533. Selon l'allégation restée en suspens, M. Raúl Ignacio Robacio, secrétaire général du Syndicat des employés de banque de Buenos Aires (S.E.B.B.A), aurait - et cela constituerait une mesure de discrimination antisyndicale - été muté par la direction de la Banque de la Nation à une succursale distante de 670 kilomètres de Buenos Aires, alors que, parallèlement, la direction aurait entrepris contre l'intéressé une information administrative tendant à transformer cette mutation en licenciement pur et simple.
533. Selon l'allégation restée en suspens, M. Raúl Ignacio Robacio, secrétaire général du Syndicat des employés de banque de Buenos Aires (S.E.B.B.A), aurait - et cela constituerait une mesure de discrimination antisyndicale - été muté par la direction de la Banque de la Nation à une succursale distante de 670 kilomètres de Buenos Aires, alors que, parallèlement, la direction aurait entrepris contre l'intéressé une information administrative tendant à transformer cette mutation en licenciement pur et simple.- 534. Le S.E.B.B.A. - déclarent les plaignants - aurait alors demandé au juge du travail une décision interdisant toute modification de la situation de M. Robacio jusqu'au prononcé de la sentence à intervenir à la suite d'une plainte déposée en justice par le syndicat. Bien que cette décision ait été prise par le juge, la banque aurait refusé d'en tenir compte, en dépit d'une nouvelle sentence du même juge contre le président de la banque pour refus et désobéissance. La décision du juge du travail ayant fait l'objet d'un recours de la part de la direction de la Banque de la Nation, la Cour d'appel, le 19 avril 1960, aurait confirmé la mesure prise par le juge jusqu'au prononcé de la sentence. La Banque de la Nation aurait refusé de nouveau de se conformer à cette décision.
- 535. Ayant constaté que le gouvernement s'abstenait dans sa réponse de présenter sur ce point aucune observation, le Comité avait estimé qu'il serait opportun pour lui d'ajourner l'examen de cet aspect particulier du cas en attendant de recevoir à son sujet des informations du gouvernement et il avait formulé une recommandation à cet effet au Conseil d'administration a.
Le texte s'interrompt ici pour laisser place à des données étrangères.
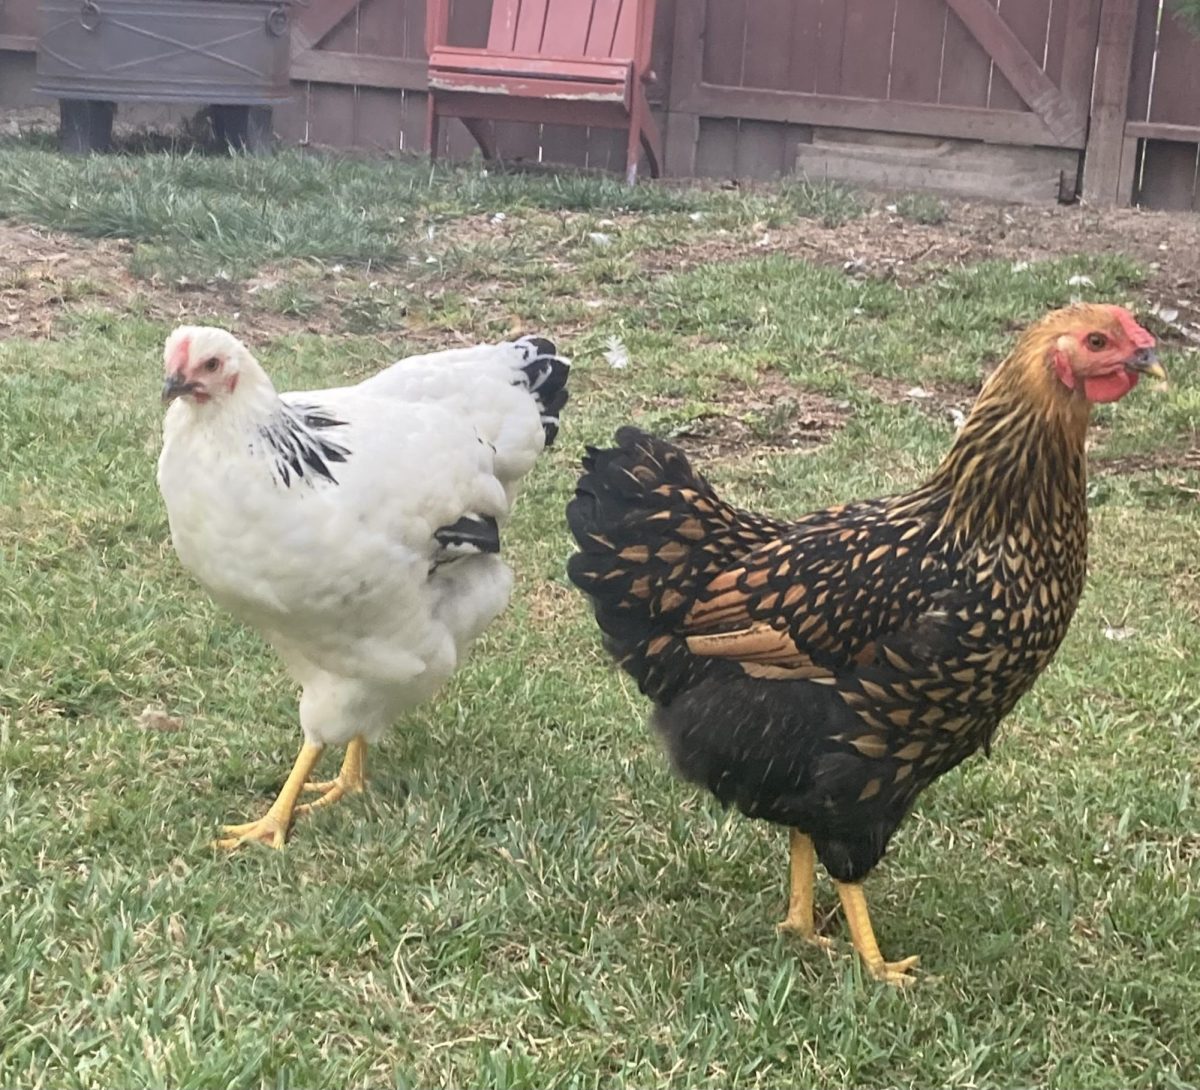 Chickens+make+wonderful+pets+if+you+have+the+right+resources+and+time+to+accommodate+to+their+everyday+needs+%28this+includes+their+little+poops%29.

- 536. Telles que le Conseil d'administration les a adoptées, les conclusions du Comité et, notamment, la demande d'informations sur les questions mentionnées aux paragraphes précédents, ont été portées à la connaissance du gouvernement par une lettre du Directeur général du 7 juillet 1961.
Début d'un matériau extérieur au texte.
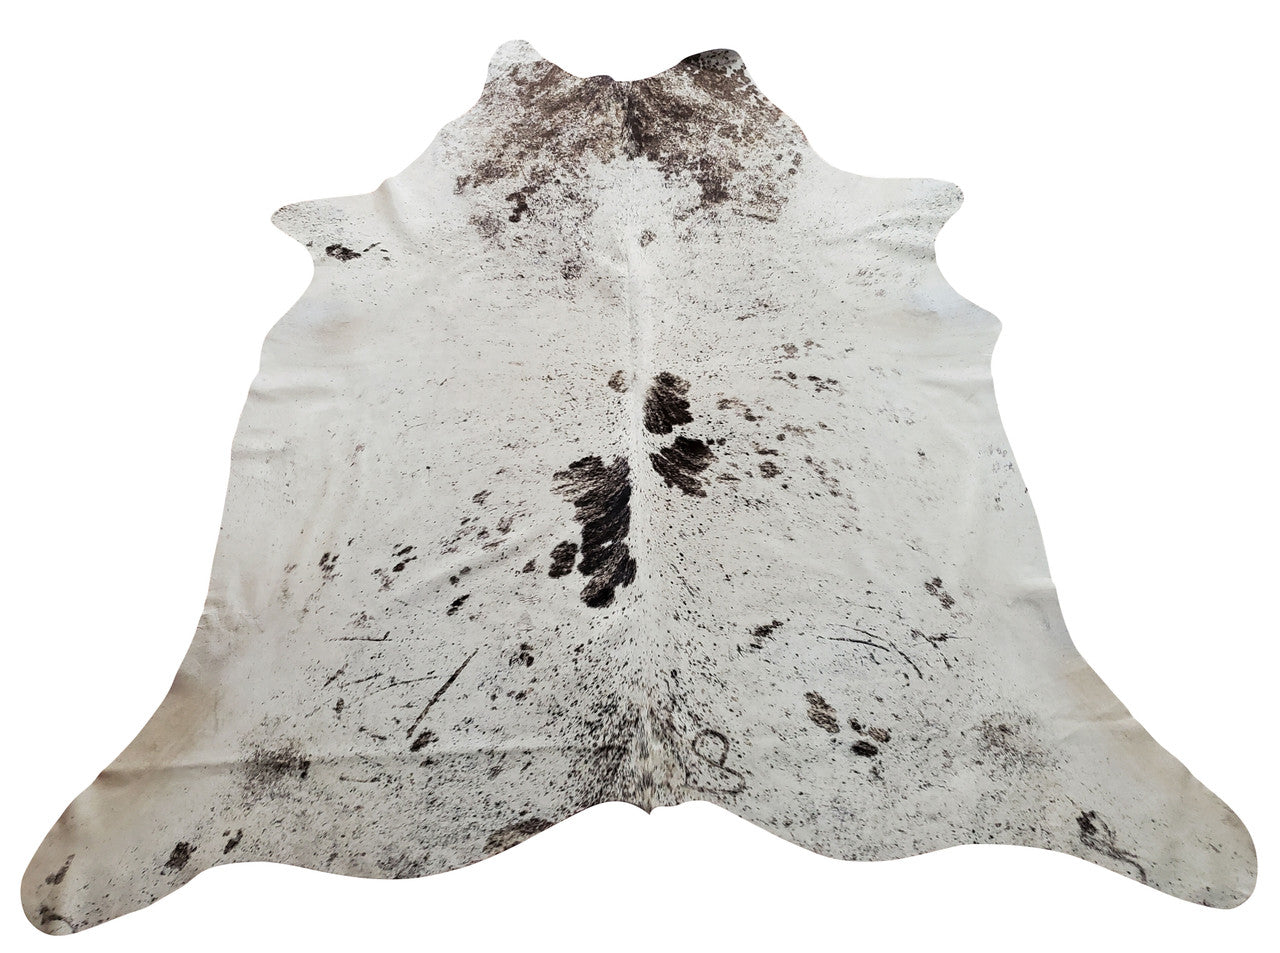 A new beautiful Brazilian cowhide rug in an exotic tricolor speckled pattern that will be center of attention, it is so pretty and unique.

- 537. Le gouvernement a répondu par une communication du 11 septembre 1961. Toutefois, cette réponse ne contient aucune information sur les points dont il est question ci-dessus.
- 538. Dans ces conditions, le Comité recommande au Conseil d'administration de solliciter une fois encore du gouvernement des informations quant aux allégations relatives au fait que la direction de la Banque de la Nation ne se serait pas conformée aux sentences prononcées par le juge du travail et, ultérieurement, par la juridiction d'appel au sujet de la situation du secrétaire général du S.E.B.B.A.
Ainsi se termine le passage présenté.